Data in this exercise START
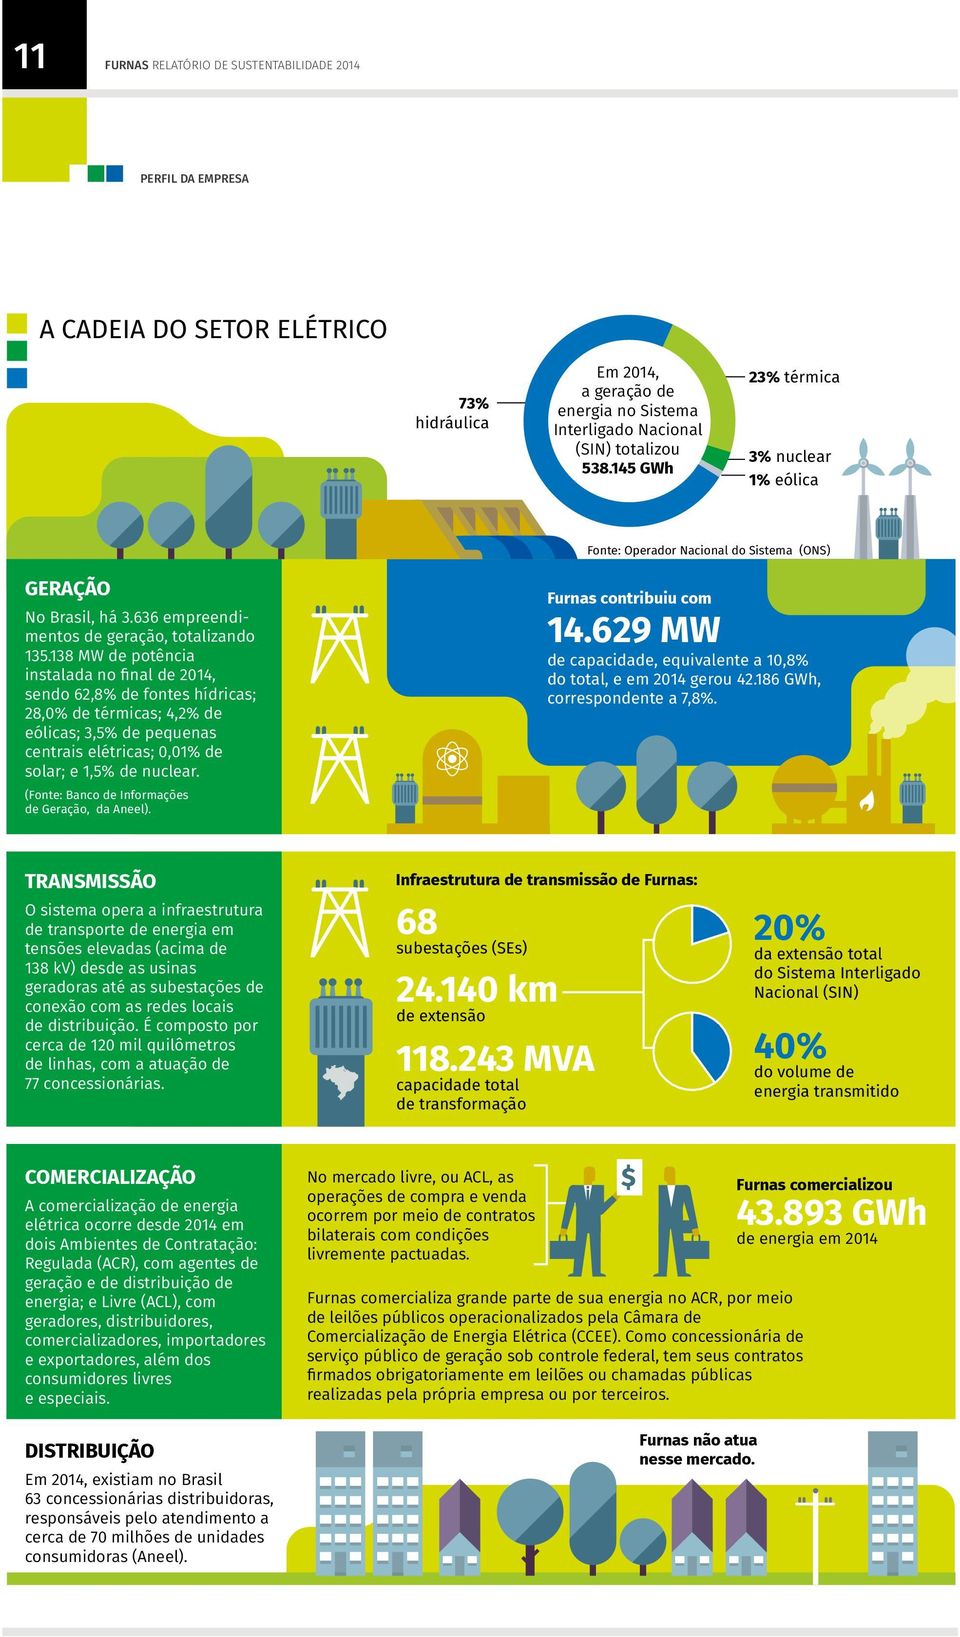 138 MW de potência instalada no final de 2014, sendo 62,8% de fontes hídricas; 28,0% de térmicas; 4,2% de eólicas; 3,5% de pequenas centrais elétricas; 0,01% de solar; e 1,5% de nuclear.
Data in this exercise END
Data in this exercise START
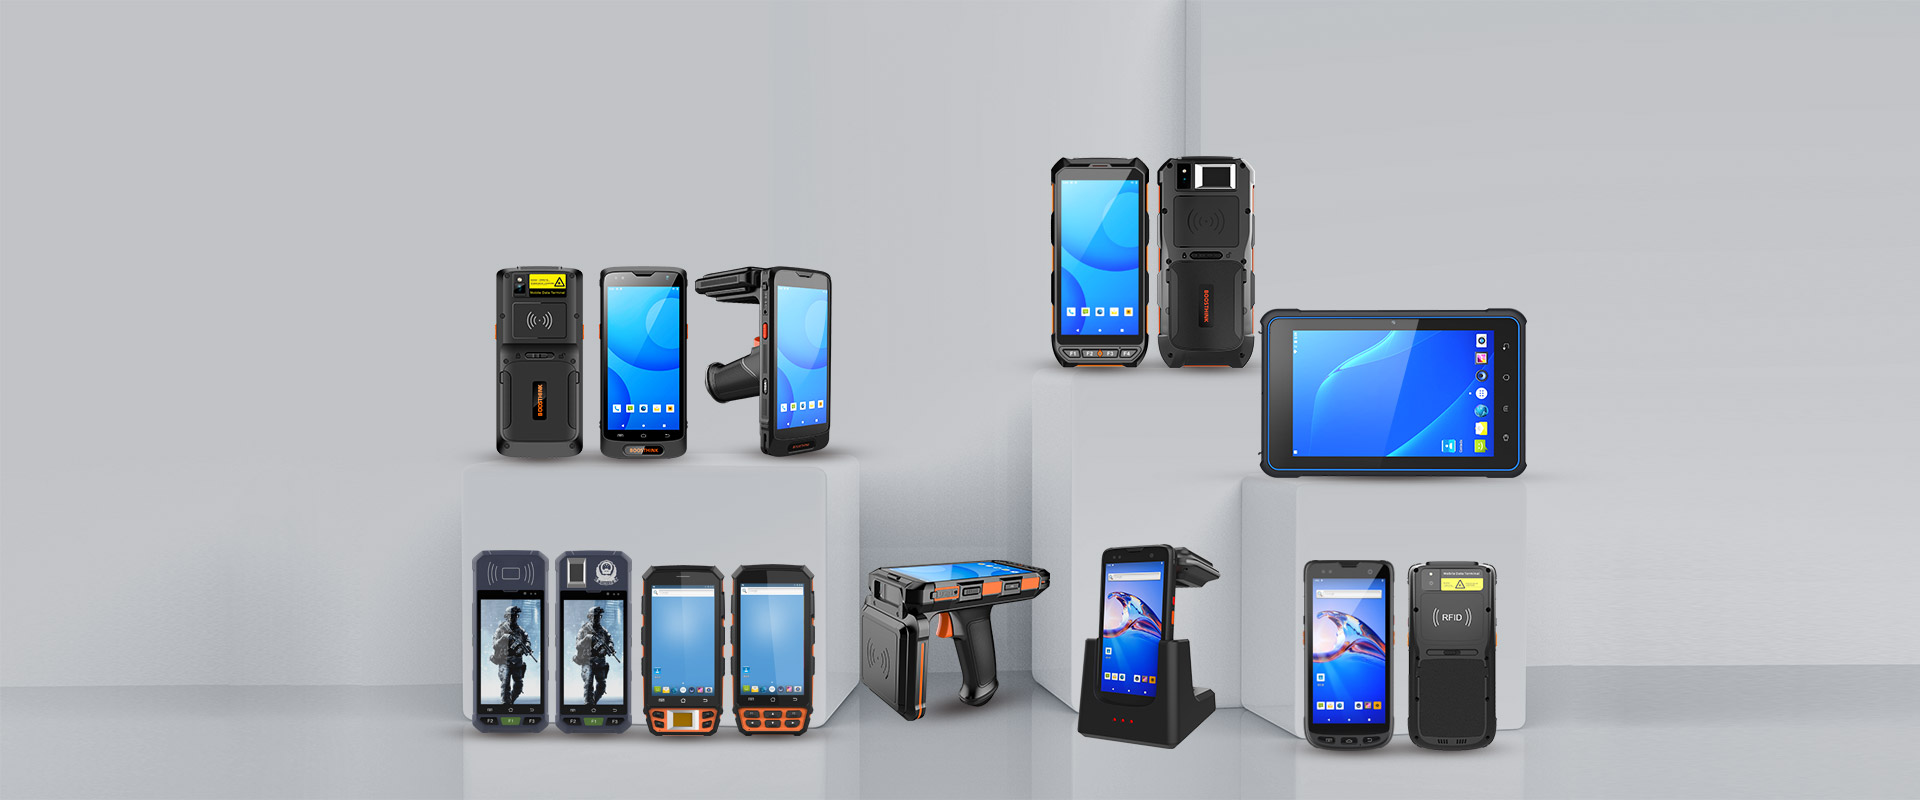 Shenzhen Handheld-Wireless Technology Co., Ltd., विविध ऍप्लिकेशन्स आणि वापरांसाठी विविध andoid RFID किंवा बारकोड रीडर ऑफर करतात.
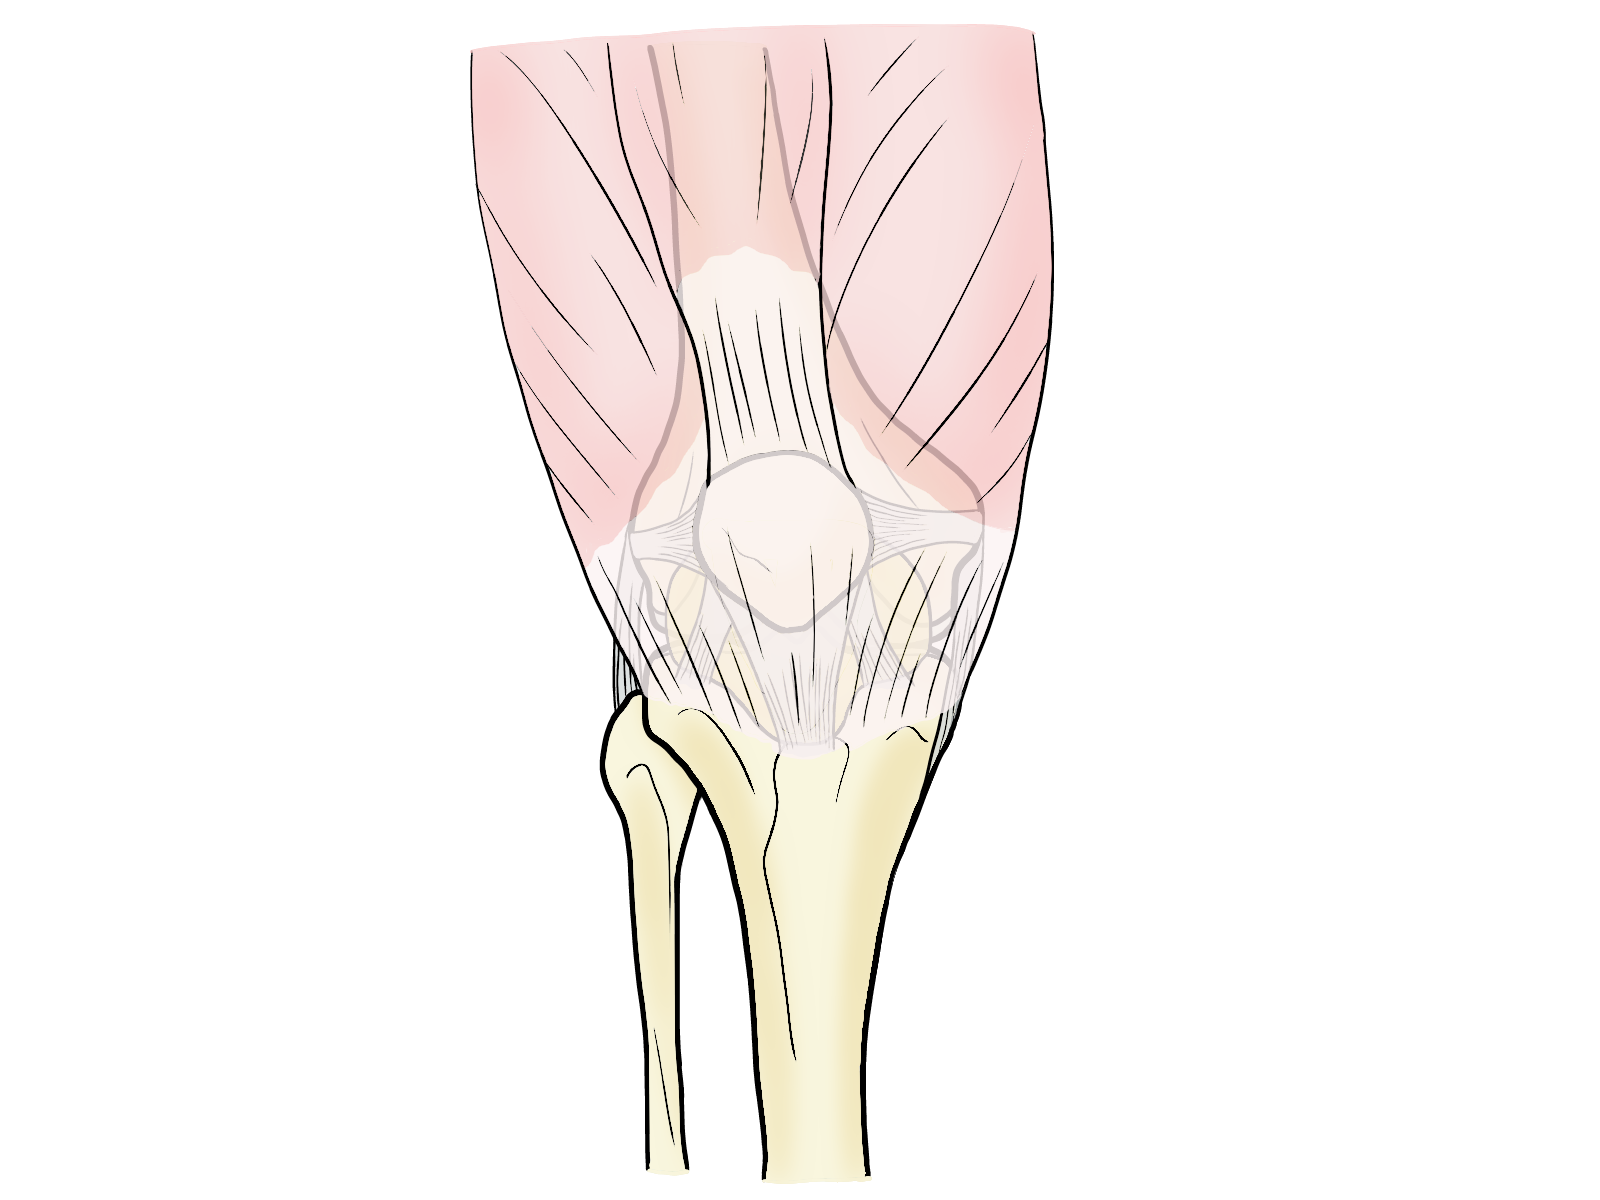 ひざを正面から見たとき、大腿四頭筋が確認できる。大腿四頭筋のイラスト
Data in this exercise END
Data in this exercise START
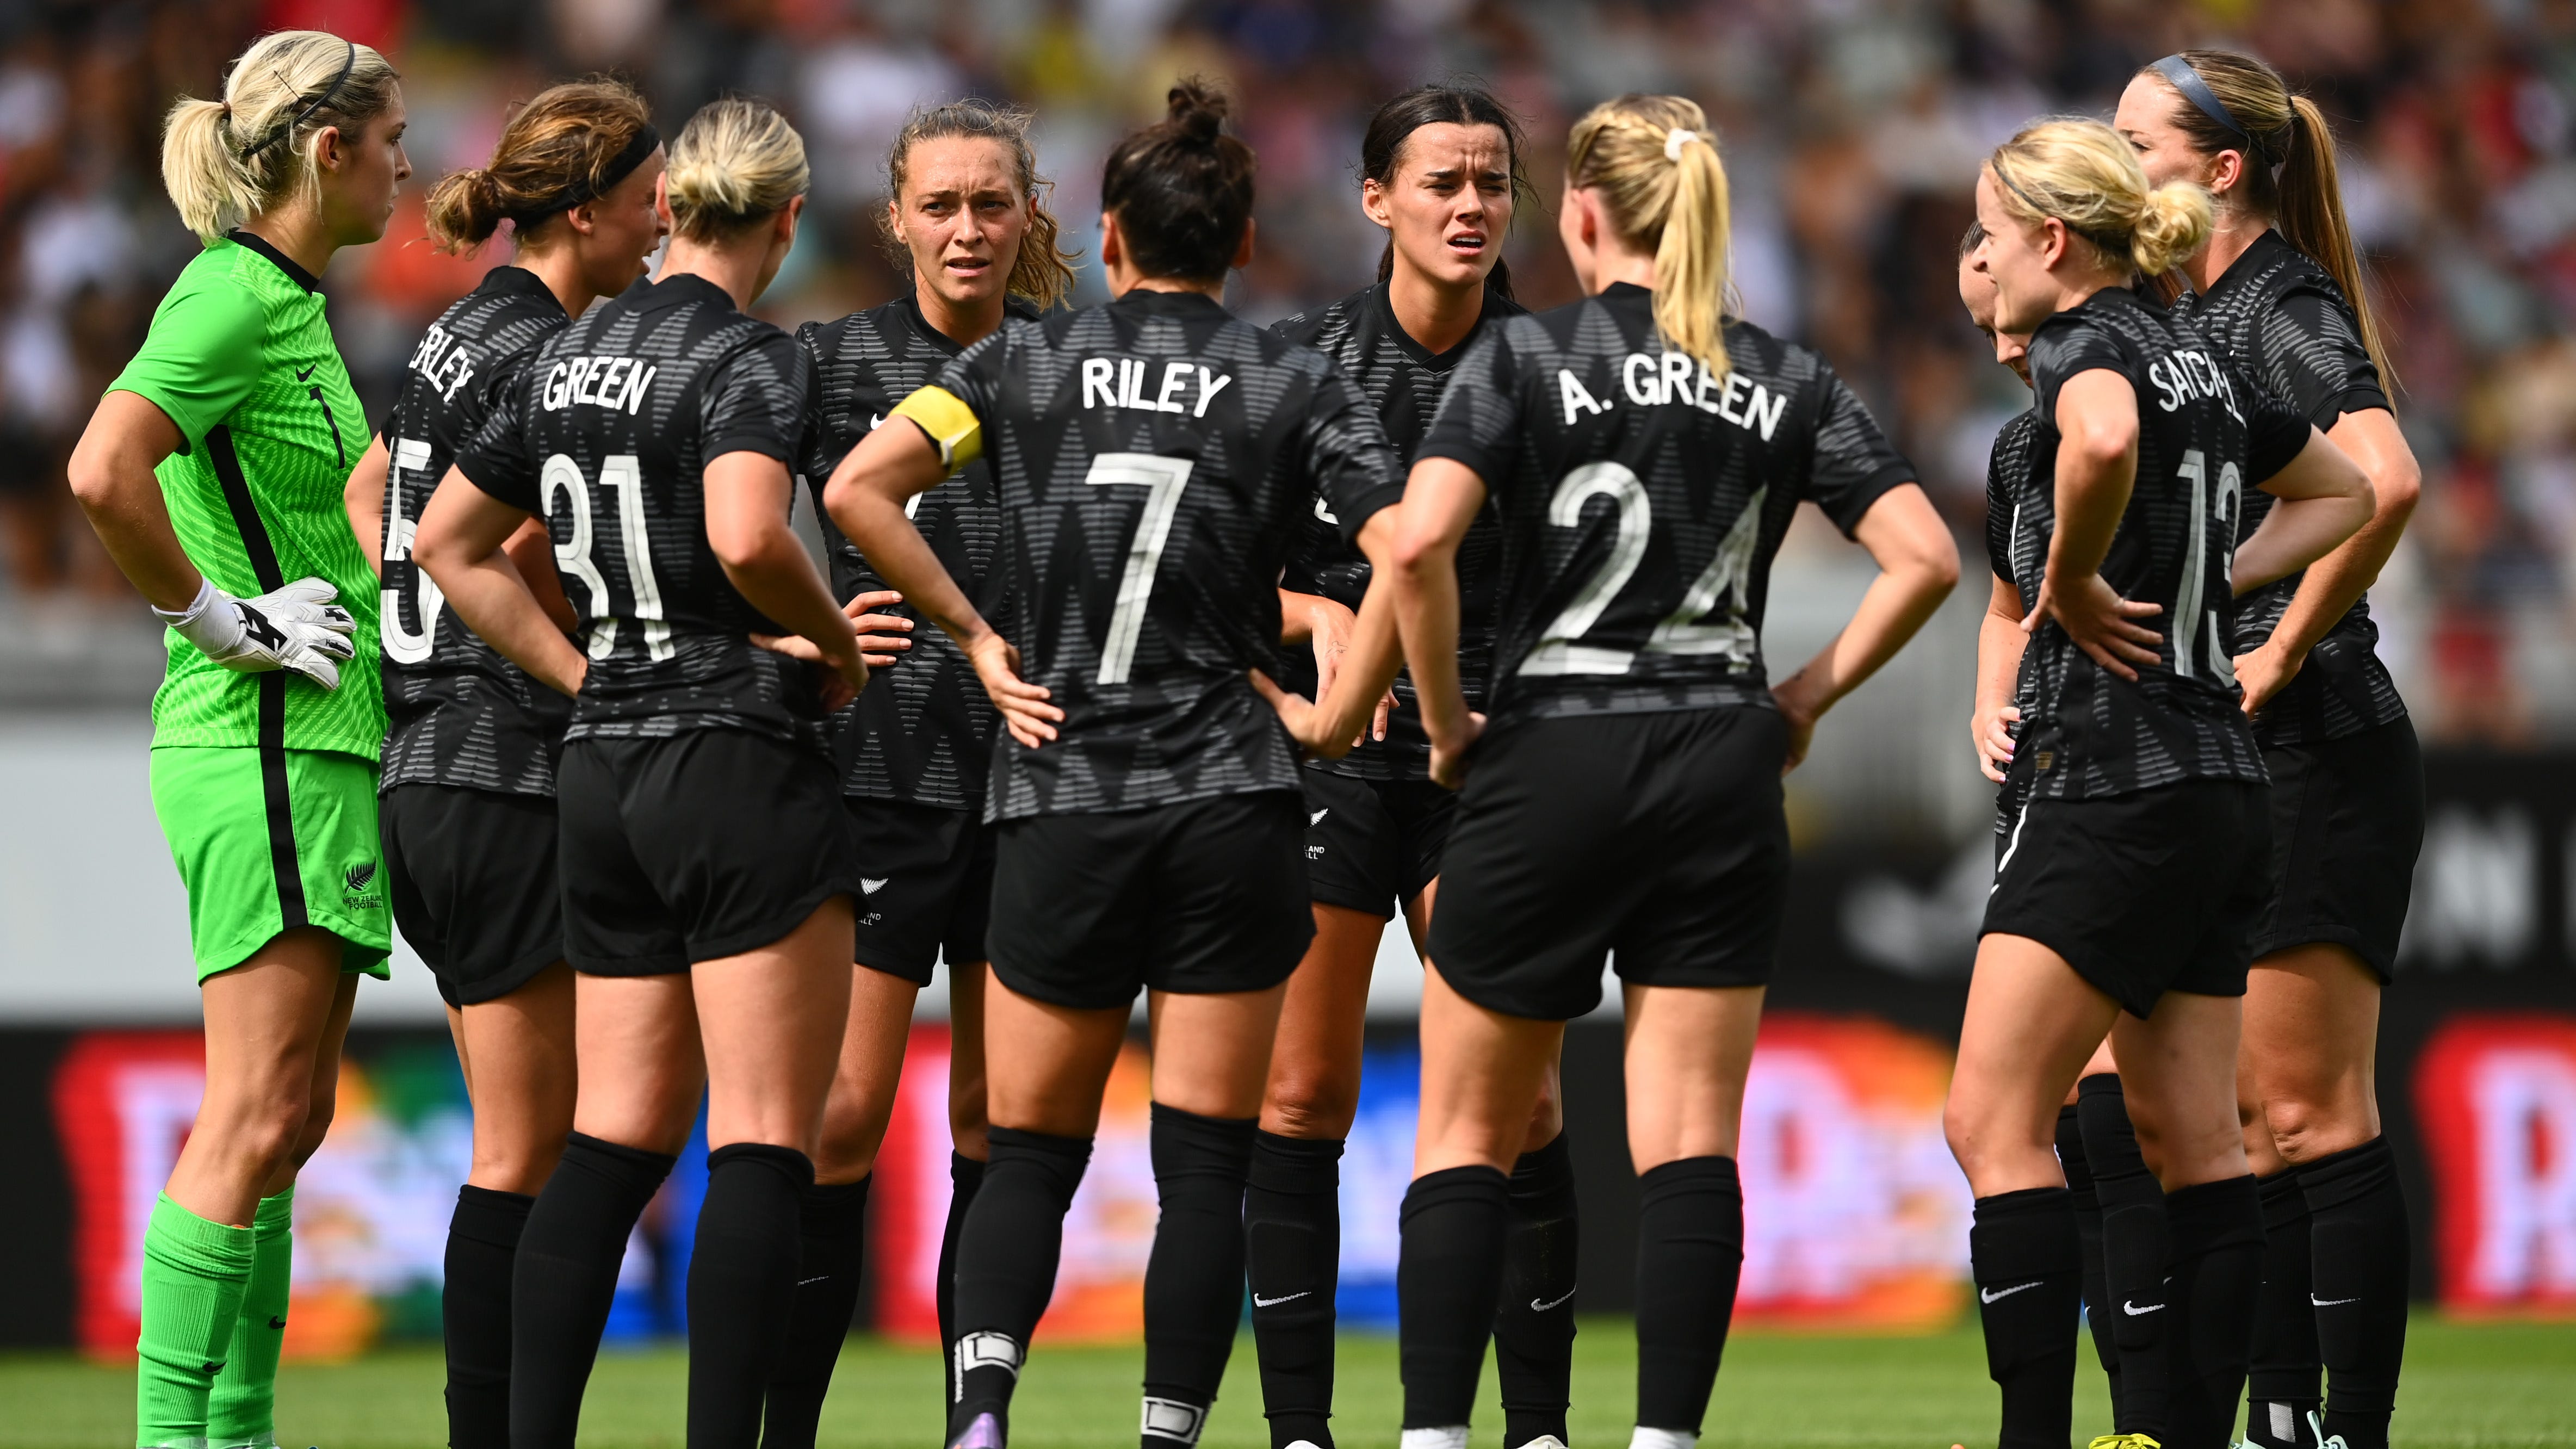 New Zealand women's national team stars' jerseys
Data in this exercise END
What is needed is an exact copy of only the lines above from the one with "Shenzhen Handheld-Wireless Technology" to the one with "ひざを正面から見たとき、大腿四頭筋が確認できる。大腿四頭筋のイラスト", both kept, with every picture left out.

 Shenzhen Handheld-Wireless Technology Co., Ltd., विविध ऍप्लिकेशन्स आणि वापरांसाठी विविध andoid RFID किंवा बारकोड रीडर ऑफर करतात.
 ひざを正面から見たとき、大腿四頭筋が確認できる。大腿四頭筋のイラスト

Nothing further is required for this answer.